Records from a collection
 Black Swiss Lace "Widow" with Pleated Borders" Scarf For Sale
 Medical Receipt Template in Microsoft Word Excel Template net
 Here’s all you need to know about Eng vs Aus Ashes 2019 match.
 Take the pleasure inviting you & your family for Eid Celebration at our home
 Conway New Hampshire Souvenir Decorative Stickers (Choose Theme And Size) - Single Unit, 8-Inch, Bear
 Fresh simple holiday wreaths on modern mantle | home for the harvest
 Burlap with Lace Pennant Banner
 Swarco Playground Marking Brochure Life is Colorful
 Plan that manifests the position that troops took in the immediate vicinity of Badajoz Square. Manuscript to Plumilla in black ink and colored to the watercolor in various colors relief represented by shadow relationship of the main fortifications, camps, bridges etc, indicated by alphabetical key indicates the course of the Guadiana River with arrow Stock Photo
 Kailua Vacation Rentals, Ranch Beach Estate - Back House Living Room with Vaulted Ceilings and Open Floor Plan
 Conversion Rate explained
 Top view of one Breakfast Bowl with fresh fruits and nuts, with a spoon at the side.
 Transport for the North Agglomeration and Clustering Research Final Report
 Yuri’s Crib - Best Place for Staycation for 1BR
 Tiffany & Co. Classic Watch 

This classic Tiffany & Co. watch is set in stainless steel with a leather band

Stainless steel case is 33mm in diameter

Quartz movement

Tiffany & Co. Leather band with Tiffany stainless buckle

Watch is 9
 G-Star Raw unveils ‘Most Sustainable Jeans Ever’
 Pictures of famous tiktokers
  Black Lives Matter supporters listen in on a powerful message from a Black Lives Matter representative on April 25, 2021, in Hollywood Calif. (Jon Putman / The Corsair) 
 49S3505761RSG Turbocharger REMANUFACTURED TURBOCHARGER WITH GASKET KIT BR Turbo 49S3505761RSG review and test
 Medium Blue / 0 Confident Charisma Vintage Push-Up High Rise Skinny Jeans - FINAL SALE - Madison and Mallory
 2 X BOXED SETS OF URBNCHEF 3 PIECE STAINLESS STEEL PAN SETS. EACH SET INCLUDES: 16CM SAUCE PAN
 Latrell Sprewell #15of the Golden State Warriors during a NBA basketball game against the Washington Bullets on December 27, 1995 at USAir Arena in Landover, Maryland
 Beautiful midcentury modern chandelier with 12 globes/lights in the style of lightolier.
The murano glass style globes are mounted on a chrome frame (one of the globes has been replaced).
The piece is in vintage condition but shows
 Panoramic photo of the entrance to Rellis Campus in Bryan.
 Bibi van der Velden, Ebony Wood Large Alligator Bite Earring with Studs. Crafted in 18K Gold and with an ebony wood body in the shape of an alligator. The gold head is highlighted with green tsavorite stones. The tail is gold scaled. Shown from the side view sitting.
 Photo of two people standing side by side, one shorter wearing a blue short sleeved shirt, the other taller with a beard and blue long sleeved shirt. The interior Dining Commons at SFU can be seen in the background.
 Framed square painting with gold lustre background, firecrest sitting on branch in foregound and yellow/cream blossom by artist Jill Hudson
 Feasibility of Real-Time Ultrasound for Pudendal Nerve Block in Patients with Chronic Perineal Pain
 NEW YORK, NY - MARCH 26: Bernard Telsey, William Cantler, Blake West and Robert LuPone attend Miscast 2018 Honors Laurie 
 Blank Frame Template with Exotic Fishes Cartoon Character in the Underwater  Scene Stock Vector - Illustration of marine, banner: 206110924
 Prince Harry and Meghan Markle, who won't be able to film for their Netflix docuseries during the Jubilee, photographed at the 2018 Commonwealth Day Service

● Assignment: Write out only the lines that run from the line containing "Stainless steel case is 33mm in diameter" through the line containing "Pictures of famous tiktokers", both included, exactly as they appear above.

● Exercise answer:
Stainless steel case is 33mm in diameter

Quartz movement

Tiffany & Co. Leather band with Tiffany stainless buckle

Watch is 9
 G-Star Raw unveils ‘Most Sustainable Jeans Ever’
 Pictures of famous tiktokers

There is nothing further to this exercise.